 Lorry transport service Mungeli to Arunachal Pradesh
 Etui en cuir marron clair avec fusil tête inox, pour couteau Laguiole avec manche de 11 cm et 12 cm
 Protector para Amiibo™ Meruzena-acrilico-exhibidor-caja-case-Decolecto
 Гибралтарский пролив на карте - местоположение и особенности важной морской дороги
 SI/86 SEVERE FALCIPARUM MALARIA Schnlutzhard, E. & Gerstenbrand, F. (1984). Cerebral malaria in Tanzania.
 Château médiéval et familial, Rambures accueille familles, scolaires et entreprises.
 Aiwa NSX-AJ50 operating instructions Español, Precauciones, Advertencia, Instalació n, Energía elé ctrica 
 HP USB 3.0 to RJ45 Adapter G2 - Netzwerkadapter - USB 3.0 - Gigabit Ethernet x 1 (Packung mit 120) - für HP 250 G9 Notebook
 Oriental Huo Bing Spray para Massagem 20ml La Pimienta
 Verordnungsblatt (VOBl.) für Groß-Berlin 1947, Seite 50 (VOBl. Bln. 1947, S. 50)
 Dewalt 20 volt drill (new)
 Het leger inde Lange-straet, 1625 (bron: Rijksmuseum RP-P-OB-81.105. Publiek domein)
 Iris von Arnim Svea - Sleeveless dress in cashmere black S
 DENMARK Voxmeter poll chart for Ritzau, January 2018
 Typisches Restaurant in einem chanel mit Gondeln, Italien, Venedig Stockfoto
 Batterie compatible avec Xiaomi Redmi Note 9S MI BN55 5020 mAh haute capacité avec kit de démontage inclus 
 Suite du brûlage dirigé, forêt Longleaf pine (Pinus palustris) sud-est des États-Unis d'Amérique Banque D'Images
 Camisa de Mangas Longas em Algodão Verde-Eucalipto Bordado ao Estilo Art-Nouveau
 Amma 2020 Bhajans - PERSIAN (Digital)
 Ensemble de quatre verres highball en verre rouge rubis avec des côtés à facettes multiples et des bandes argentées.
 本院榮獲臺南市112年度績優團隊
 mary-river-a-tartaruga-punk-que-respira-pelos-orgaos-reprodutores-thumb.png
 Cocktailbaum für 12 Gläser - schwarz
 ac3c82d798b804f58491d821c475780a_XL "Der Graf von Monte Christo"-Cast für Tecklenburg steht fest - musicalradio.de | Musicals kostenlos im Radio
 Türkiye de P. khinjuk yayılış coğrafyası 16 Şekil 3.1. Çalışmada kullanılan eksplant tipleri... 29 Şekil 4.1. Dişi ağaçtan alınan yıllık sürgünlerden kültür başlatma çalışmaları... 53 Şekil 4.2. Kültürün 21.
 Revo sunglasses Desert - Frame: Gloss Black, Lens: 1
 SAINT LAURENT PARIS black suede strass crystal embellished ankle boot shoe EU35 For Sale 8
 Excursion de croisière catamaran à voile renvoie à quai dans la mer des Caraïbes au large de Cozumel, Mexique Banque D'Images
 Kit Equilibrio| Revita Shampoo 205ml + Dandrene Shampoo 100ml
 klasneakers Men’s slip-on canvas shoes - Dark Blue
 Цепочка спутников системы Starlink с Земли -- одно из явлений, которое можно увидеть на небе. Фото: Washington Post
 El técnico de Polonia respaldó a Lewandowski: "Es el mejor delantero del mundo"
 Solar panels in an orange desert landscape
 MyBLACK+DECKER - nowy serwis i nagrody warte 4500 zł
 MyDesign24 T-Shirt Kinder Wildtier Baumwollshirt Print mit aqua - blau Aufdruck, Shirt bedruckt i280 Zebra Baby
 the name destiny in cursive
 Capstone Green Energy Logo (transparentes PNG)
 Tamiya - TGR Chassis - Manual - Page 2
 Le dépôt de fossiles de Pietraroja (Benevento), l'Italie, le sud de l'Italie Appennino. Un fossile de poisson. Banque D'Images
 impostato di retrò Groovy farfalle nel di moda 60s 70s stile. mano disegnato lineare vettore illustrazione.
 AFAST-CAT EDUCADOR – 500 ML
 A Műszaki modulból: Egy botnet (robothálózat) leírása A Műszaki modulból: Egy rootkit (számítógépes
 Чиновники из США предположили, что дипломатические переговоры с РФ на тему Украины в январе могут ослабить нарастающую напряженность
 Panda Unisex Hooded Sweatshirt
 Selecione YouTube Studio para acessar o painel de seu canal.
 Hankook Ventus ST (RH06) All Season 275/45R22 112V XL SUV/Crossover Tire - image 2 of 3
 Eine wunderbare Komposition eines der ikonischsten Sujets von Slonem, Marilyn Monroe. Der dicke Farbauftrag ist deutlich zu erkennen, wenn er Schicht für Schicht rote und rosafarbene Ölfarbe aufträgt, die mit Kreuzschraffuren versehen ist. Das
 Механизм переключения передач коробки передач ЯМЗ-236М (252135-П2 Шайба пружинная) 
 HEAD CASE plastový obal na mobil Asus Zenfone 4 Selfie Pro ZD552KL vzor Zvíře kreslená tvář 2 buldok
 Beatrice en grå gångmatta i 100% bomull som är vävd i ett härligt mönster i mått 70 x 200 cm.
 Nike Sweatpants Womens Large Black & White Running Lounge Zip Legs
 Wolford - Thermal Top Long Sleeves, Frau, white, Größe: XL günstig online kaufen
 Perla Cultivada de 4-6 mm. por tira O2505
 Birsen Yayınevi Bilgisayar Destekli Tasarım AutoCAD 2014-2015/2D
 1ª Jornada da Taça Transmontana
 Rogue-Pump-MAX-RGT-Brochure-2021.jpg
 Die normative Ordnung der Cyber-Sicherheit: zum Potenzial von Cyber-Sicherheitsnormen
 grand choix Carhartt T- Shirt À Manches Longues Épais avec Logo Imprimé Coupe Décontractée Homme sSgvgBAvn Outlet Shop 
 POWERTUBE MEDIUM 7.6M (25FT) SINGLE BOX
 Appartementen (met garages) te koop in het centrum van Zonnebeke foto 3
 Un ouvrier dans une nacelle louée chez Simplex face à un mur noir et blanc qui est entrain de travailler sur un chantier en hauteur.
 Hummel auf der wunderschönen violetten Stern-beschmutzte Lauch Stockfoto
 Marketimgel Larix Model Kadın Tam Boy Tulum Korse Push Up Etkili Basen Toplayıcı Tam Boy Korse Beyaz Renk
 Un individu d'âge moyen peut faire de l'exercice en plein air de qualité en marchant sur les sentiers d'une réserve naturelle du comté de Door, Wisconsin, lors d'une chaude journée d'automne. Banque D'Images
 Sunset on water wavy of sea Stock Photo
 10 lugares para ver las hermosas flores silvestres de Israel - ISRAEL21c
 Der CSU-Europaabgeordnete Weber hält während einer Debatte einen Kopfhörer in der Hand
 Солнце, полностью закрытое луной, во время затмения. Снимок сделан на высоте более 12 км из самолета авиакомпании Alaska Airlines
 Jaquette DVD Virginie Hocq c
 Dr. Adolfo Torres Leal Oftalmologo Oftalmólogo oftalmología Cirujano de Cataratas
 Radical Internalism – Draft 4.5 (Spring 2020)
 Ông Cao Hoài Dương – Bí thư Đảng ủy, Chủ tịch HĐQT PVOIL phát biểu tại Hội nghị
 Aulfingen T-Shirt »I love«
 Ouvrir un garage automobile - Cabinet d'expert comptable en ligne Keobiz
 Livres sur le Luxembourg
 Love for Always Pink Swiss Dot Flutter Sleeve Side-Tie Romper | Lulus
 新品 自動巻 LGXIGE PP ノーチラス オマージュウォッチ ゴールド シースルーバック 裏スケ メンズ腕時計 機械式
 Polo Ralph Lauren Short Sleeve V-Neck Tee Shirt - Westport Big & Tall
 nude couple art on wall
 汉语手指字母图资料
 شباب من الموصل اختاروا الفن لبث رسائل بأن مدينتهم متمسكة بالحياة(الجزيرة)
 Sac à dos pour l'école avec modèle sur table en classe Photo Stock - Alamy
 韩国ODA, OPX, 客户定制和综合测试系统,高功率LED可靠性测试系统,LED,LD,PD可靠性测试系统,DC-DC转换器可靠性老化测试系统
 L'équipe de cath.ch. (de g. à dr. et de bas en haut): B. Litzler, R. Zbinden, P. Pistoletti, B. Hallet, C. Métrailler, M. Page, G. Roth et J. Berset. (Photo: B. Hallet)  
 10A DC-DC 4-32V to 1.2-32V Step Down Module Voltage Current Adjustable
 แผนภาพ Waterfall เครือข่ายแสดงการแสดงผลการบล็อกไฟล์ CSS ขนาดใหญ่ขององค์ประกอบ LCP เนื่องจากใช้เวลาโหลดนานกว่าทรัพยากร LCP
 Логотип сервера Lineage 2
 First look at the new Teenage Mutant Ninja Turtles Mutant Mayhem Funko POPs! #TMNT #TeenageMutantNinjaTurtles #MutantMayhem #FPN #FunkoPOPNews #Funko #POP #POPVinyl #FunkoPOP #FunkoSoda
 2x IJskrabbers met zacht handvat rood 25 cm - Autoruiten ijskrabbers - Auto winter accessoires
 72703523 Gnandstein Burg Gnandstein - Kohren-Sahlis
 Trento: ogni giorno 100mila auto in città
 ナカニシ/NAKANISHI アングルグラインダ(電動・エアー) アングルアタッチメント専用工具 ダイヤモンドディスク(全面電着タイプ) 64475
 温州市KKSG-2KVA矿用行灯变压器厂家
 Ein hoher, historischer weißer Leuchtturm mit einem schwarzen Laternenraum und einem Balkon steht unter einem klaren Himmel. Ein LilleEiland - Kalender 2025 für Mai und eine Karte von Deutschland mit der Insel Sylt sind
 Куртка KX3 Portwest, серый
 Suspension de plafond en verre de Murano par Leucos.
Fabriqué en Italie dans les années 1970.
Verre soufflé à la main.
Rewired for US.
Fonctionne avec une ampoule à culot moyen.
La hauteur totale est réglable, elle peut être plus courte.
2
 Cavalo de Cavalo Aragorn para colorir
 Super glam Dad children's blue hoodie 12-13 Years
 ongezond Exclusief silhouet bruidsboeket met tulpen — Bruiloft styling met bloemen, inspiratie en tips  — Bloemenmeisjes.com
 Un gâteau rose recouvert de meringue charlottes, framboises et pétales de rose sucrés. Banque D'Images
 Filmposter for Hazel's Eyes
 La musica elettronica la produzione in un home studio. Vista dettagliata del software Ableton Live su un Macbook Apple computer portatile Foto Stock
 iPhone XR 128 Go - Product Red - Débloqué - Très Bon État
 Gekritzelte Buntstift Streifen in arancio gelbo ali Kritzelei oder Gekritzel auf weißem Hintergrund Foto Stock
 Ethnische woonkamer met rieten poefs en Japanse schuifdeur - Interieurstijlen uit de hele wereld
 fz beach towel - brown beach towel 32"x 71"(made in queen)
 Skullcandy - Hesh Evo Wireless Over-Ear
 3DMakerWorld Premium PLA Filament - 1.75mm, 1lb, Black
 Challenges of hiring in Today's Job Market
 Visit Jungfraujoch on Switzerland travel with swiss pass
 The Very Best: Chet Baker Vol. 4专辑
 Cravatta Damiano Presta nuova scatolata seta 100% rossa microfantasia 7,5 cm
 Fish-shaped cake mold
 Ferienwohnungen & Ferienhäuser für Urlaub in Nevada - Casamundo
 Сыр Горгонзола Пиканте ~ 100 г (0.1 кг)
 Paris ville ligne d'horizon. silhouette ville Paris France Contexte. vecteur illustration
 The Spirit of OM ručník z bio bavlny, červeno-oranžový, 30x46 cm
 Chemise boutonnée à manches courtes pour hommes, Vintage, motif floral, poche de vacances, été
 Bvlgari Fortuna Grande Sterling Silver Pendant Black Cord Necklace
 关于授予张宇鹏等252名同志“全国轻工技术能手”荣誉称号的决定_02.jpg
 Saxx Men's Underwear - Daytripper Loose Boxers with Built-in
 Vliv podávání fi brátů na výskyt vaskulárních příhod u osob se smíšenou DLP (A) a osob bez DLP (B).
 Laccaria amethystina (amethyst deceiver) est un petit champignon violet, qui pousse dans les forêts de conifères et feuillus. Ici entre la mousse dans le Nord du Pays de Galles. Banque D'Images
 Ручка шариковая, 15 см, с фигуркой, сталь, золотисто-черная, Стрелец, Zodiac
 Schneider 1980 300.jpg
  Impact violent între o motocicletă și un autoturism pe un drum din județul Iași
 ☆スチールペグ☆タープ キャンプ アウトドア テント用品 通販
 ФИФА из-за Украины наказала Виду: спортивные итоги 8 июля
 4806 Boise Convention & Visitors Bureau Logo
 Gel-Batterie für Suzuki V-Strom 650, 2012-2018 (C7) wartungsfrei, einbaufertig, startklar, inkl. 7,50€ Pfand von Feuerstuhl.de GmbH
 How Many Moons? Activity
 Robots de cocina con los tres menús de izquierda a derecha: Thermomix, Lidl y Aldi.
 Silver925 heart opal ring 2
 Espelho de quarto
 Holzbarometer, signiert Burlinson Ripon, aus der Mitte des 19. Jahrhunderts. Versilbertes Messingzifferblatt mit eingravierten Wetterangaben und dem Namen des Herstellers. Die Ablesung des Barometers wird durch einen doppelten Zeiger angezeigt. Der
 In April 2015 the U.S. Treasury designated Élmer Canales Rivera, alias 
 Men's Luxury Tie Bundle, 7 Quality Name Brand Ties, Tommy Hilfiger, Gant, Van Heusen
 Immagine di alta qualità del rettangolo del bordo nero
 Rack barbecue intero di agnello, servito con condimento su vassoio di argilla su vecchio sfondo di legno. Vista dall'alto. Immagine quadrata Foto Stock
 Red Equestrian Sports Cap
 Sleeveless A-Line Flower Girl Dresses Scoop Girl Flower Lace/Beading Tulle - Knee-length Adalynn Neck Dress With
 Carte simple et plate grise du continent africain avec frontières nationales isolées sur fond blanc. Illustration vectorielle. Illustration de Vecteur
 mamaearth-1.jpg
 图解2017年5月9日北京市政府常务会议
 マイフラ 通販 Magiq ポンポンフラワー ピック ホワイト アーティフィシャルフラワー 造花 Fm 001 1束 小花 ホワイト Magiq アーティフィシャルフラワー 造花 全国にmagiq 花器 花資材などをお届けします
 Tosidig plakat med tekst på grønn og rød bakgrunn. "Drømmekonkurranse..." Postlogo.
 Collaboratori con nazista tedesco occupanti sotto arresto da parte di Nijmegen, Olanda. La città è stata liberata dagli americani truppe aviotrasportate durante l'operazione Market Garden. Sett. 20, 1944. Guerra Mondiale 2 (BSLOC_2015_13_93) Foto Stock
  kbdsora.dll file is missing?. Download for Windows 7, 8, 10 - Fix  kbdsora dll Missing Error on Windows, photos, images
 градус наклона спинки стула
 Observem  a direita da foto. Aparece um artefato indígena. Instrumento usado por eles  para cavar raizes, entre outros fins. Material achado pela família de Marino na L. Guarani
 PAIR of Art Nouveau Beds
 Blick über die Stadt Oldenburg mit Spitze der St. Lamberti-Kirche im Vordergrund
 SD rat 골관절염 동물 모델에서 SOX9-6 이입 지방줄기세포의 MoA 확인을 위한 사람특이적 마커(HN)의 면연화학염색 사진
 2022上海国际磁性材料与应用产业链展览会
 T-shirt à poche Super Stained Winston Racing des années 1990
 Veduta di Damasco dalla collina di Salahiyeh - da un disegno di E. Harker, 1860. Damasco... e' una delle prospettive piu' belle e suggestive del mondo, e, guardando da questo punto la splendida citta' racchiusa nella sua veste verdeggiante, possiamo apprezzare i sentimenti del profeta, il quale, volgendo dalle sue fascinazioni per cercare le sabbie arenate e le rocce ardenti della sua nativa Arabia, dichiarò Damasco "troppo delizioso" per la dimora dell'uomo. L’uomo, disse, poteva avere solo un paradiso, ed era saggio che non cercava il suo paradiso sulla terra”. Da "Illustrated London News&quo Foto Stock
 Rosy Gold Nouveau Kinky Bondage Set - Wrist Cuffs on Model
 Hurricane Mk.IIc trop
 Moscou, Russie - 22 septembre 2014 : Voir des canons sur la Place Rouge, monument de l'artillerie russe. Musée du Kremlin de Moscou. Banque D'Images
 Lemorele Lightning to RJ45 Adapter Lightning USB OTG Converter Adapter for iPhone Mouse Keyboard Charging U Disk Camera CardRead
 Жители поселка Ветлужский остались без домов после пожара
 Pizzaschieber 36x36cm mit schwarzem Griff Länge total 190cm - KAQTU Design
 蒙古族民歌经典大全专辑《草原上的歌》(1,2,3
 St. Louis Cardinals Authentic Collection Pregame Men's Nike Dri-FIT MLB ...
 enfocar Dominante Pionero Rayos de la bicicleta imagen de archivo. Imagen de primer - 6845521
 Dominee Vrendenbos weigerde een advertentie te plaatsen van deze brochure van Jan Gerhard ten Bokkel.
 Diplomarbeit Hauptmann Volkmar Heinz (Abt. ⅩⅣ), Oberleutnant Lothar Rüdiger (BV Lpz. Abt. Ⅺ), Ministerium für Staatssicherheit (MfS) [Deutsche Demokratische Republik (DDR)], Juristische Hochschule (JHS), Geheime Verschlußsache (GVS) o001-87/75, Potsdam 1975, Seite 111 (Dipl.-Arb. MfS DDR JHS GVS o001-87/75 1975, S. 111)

→ Instructions to follow: Give only the lines from the one holding "Гибралтарский пролив на" through the one holding "Aiwa NSX-AJ50 operating", each restated exactly as it appears above.

→ Output below:
 Гибралтарский пролив на карте - местоположение и особенности важной морской дороги
 SI/86 SEVERE FALCIPARUM MALARIA Schnlutzhard, E. & Gerstenbrand, F. (1984). Cerebral malaria in Tanzania.
 Château médiéval et familial, Rambures accueille familles, scolaires et entreprises.
 Aiwa NSX-AJ50 operating instructions Español, Precauciones, Advertencia, Instalació n, Energía elé ctrica 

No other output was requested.